Actually another thought I had was that since the barrier is tied directly to the workgroup why is the user code even calling init on it's own structure anyway? It may as well be a parameter-less function that just uses a pre-defined area as the barrier memory which is setup by the loader and/or the init routine. I think the current barrier implementation mechanism may have an issue because you can't initialise the barrier data structures in parallel without it being a race condition and so even the setup needs another synchronisation mechanism to implement it properly. By placing it in an area that can be initialised by the loader/runtime that race goes away quietly to die. And if the barrier is chip-wide or the WAND routing ever gets fixed it could just use a hardware barrier implementation instead.

This thought may be extended to other data structures and facilities that are needed at runtime. Why have the error prone and bulky code to setup a dma structure when the logic could be encoded in a routine with simple arguments that covers the most common cases with just two functions: 1D and 2D? And if you're doing that why not add an async copy capability with interrupt driven queuing as well? Well it may not be worth it in the end but its worth exploring to find out.

gdb sim

So I actually used the gdb simulator for the first time yesterday to step through some assembly language to verify some code. So far I've just debugged using the run-till-it-stops-crashing method. Bit of a pain it doesn't seem to think assembly language is actually a thing though:

$ e-gdb
...

(gdb) target sim
Connected to the simulator.
(gdb) file a.out
Reading symbols from /home/notzed/src/elf-loader/a.out...done.
(gdb) load
Loading section ivt_reset, size 0x4 lma 0x0
Loading section .reserved_crt0, size 0xc lma 0x58
Loading section NEW_LIB_RO, size 0x170 lma 0x64
Loading section NEW_LIB_WR, size 0x450 lma 0x1d8
Loading section GNU_C_BUILTIN_LIB_RO, size 0x6 lma 0x628
Loading section .init, size 0x24 lma 0x62e
Loading section .text, size 0x268 lma 0x660
Loading section .fini, size 0x1a lma 0x8c8
Loading section .ctors, size 0x8 lma 0x8e4
Loading section .dtors, size 0x8 lma 0x8ec
Loading section .jcr, size 0x4 lma 0x8f4
Loading section .data, size 0x4 lma 0x8f8
Loading section .rodata, size 0x8 lma 0x900
Start address 0x0
Transfer rate: 17632 bits in <1 sec.
(gdb) b ez_signal_init
Breakpoint 1 at 0x85a
(gdb) r
Starting program: /home/foo/src/elf-loader/a.out 

Breakpoint 1, 0x0000085a in ez_signal_init ()
(gdb) stepi
0x0000085e in ez_signal_init ()
(gdb) 
0x00000860 in ez_signal_init ()
(gdb) 
0x00000862 in ez_signal_init ()
(gdb) 
0x00000864 in ez_signal_init ()

Yay?

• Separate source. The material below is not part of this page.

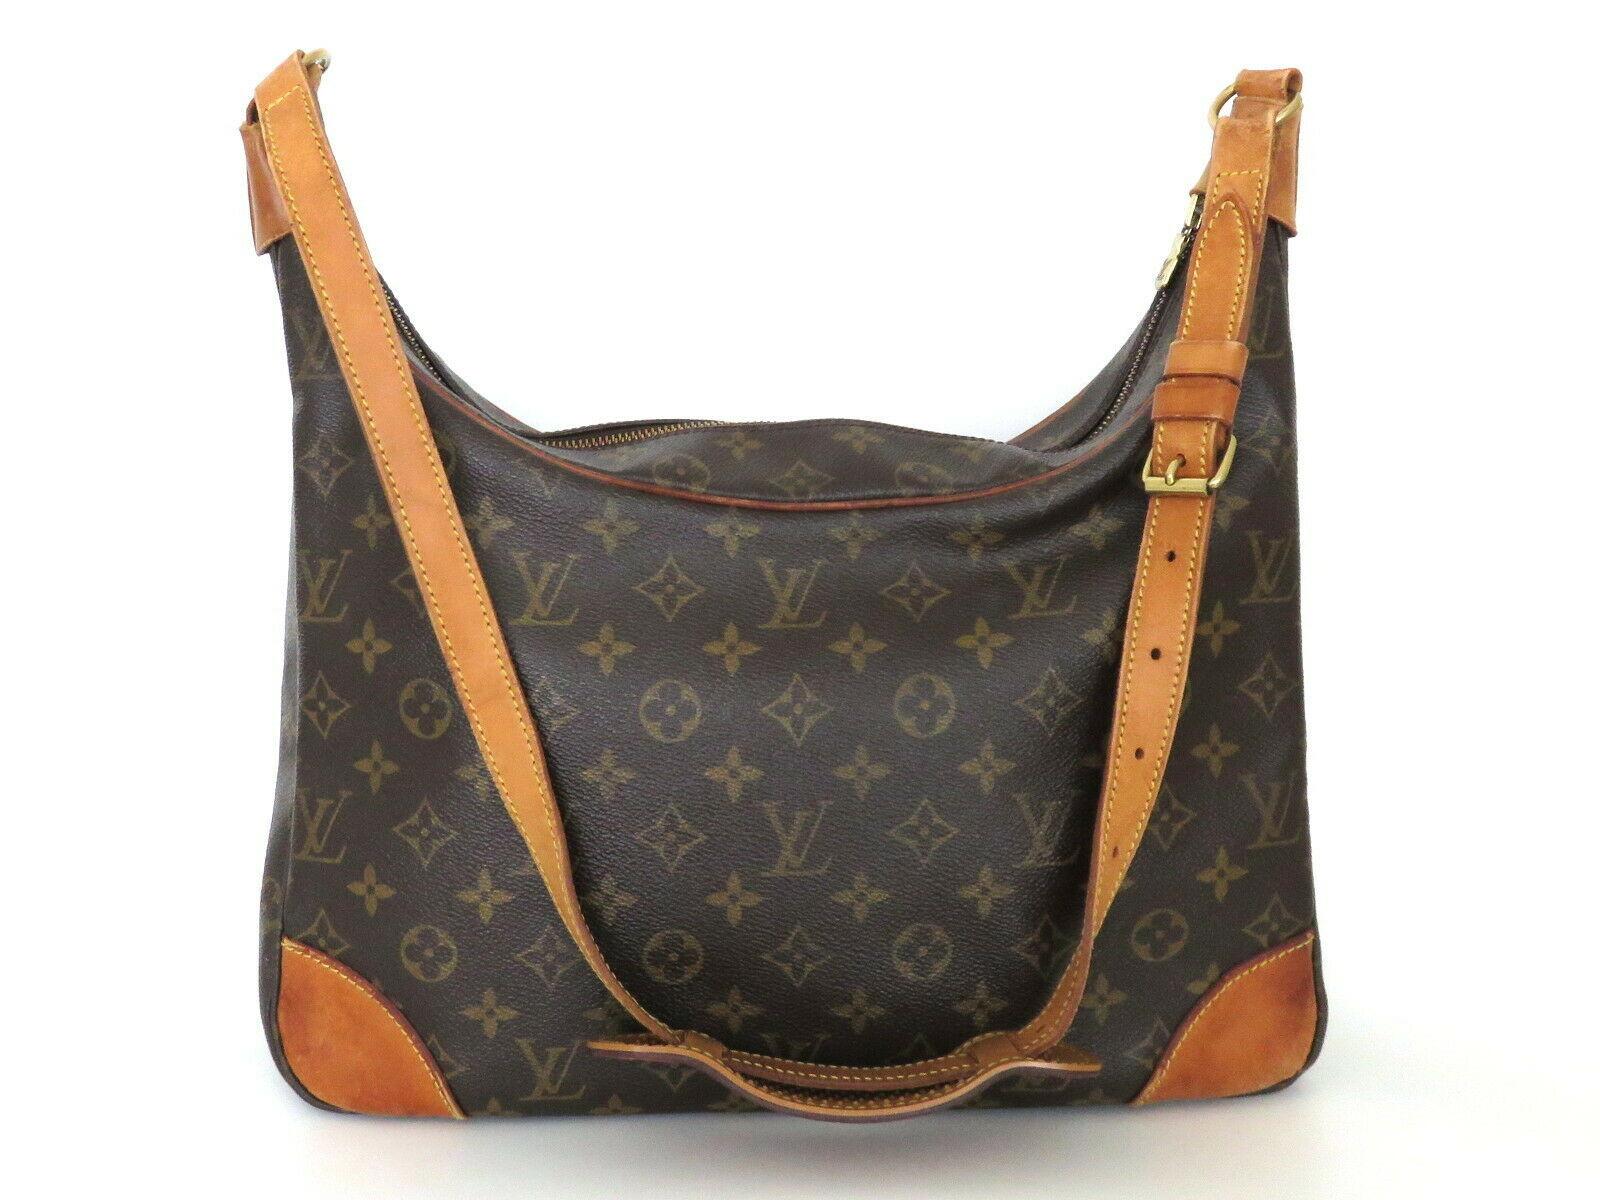 Authentic LOUIS VUITTON Monogram Canvas Leather Boulogne 35 Shoulder Bag

Had better tools on the C=64.

But I came across this article which provides something of a workaround. Not the best but it will suffice.

(gdb) display /3i $pc
1: x/3i $pc
=> 0x864 <ez_signal_init+10>:   lsl r1,r1,0x2
   0x866 <ez_signal_init+12>:   lsl r3,r3,0x3
   0x868 <ez_signal_init+14>:   beq 0x880 <ez_signal_init+38>
(gdb) stepi
0x00000866 in ez_signal_init ()
1: x/3i $pc
=> 0x866 <ez_signal_init+12>:   lsl r3,r3,0x3
   0x868 <ez_signal_init+14>:   beq 0x880 <ez_signal_init+38>
   0x86a <ez_signal_init+16>:   mov r2,0xffff
(gdb) 
0x00000868 in ez_signal_init ()
1: x/3i $pc
=> 0x868 <ez_signal_init+14>:   beq 0x880 <ez_signal_init+38>
   0x86a <ez_signal_init+16>:   mov r2,0xffff
   0x86e <ez_signal_init+20>:   movt r2,0xffff
(gdb) 
0x0000086a in ez_signal_init ()
1: x/3i $pc
=> 0x86a <ez_signal_init+16>:   mov r2,0xffff
   0x86e <ez_signal_init+20>:   movt r2,0xffff
   0x872 <ez_signal_init+24>:   lsr r2,r2,r3
(gdb) 

set confirm off may also reduce offence, but otherwise it was all a bit easier than I remember it seemed when I read about it as the few commands above show.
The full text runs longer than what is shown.